Many products are subject to design choices in order to give the impression of consistent outer interface and inner
behavior. Likewise, the development of NineKt itself has also been subject to design choices. This document intends to
report the most important design choices that made NineKt what it is today

Premises
--------

These choices are a starting point and give a general shape to NineKt, while also choosing consistent routes for many
design decision junctions. Most of these decisions were made before beginning the development.

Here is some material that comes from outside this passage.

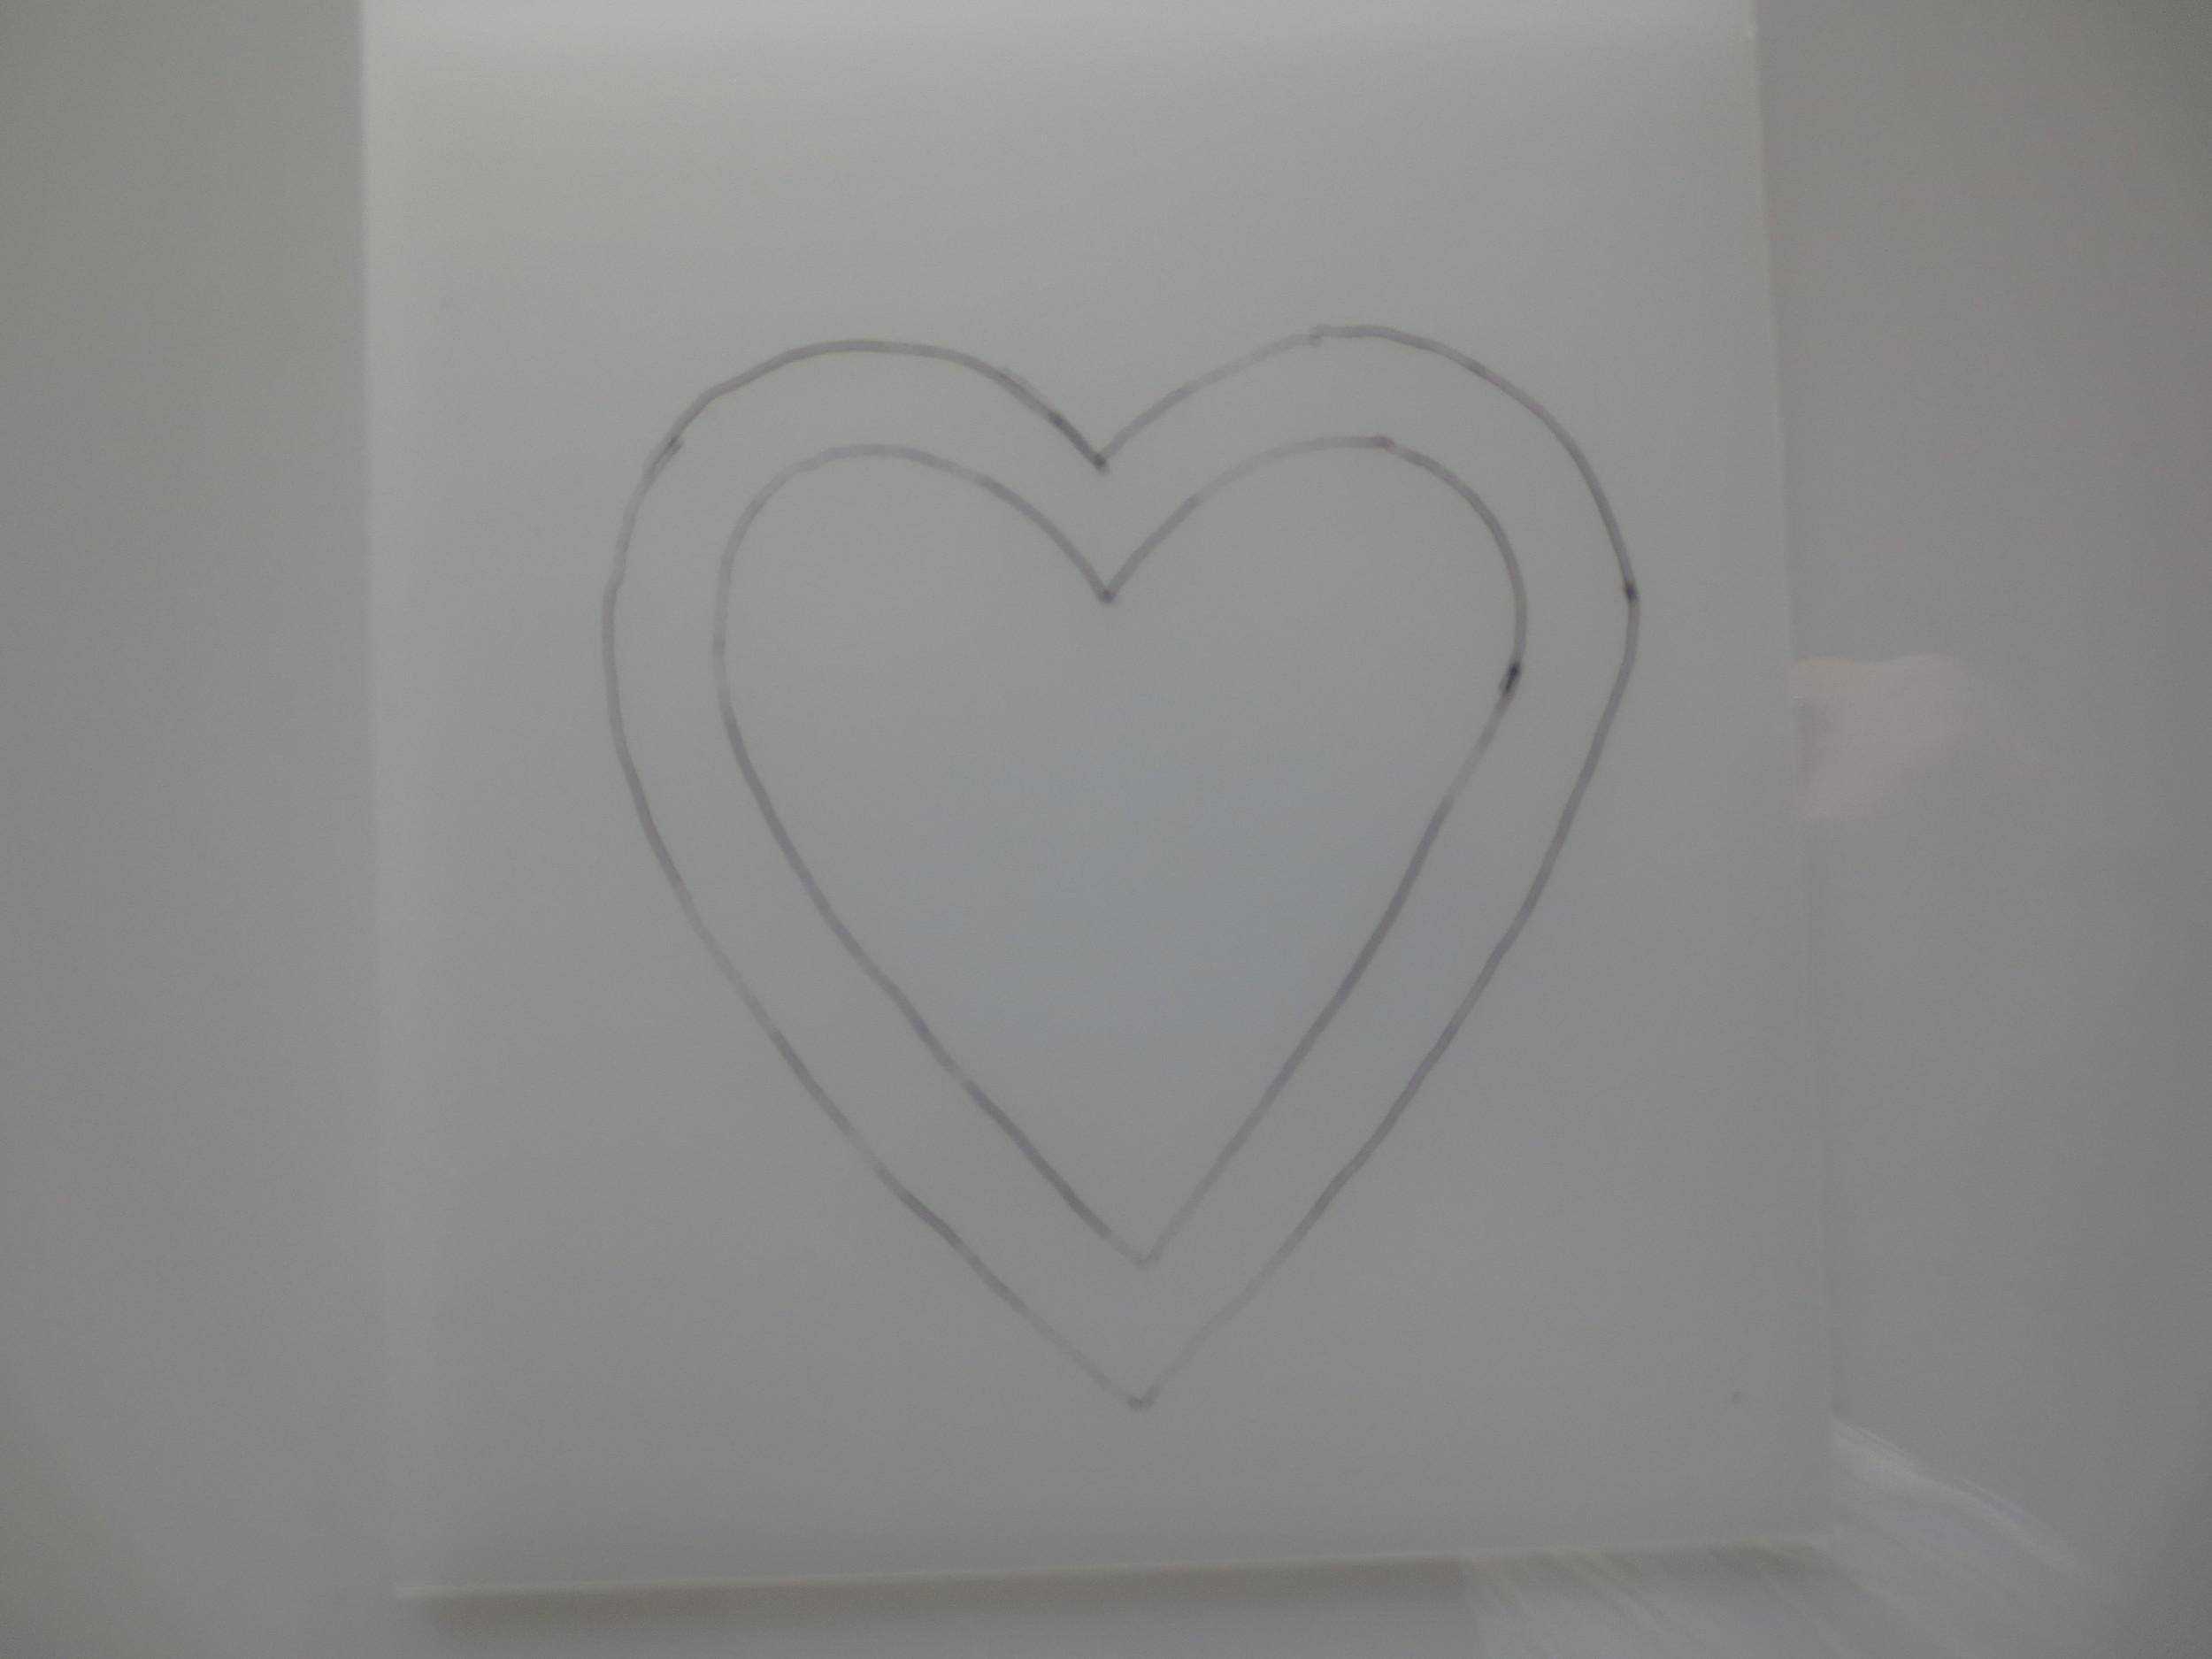 heart stencil2.jpg

1. NineKt must implement the 9P protocol in the most compliant way (which, ideally, is *completely* compliant) with what
   is described in [section 5 of 9front's manual pages](https://man.9front.org/5/).
2. Since 9P itself does not specify protocols for authentication or cryptography, NineKt's implementation of 9P must
   include the default authentication ("p9any") and cryptographic (TLS) protocols employed by 9front. (See
   `/rc/bin/service/tcp17020` in the source tree and the `listen(8)`, `tlssrv(8)`, `authsrv(6)` manual pages.)
3. NineKt can implement some variations in the 9P protocol, as long as they are widely used and sensible.

Design choices
--------------

1. Kotlin's main programming paradigm is object-oriented. Therefore, NineKt must implement 9P using an object-oriented
   design.
   - The request types (T-messages) should be written in code as methods of an interface, which is then implemented by a
     class that manages the connection. Calls to these methods should reflect, and happen as a consequence of, the file
     system operations performed on the local synthetic file tree, once the 9P initialization process (version and
     message size negotiation, authentication, etc.) is complete.
   - The message types (for both T-messages and R-messages) should be defined as an enumeration class which also holds
     their respective values in 9P messages.
   - Messages ready to be sent should be encapsulated into the instantiation of a special class, because most messages
     *can* be abstracted into a general data structure. Such class holds the independent pieces of each message: the
     message type, a collection of the message fields (actually, their names) in the same order they are expected to be
     sent, the value for each field in a map, and the maximum message size, as negotiated by the initialization
     procedure.
   - The transport layer methods, which send and receive raw bytes of data, as well as other methods taking care of the
     security of the communication and the authentication of both parts, should follow the same realization in code as
     the T-message methods: an interface provides signatures, while classes provide a specific implementation for each
     of them. The case of security is special, as it does not need any additional method other than those defined by the
     transport layer's interface. In fact, the idea of reading from the connection and writing to it is already enough
     and initialization, whether it is of the transport layer protocol or the security layer on top of it, is performed
     in the implementor class' constructor, which additional arguments for specifying possible variations in the
     security implementations' behavior.
2. For the 9P initialization procedure, which hardly mutates between usages, at least in the way it is performed rather
   than in the data being exchanged, there should be a function that acts as a *macro* for the whole procedure, which
   calls the appropriate methods synchronously.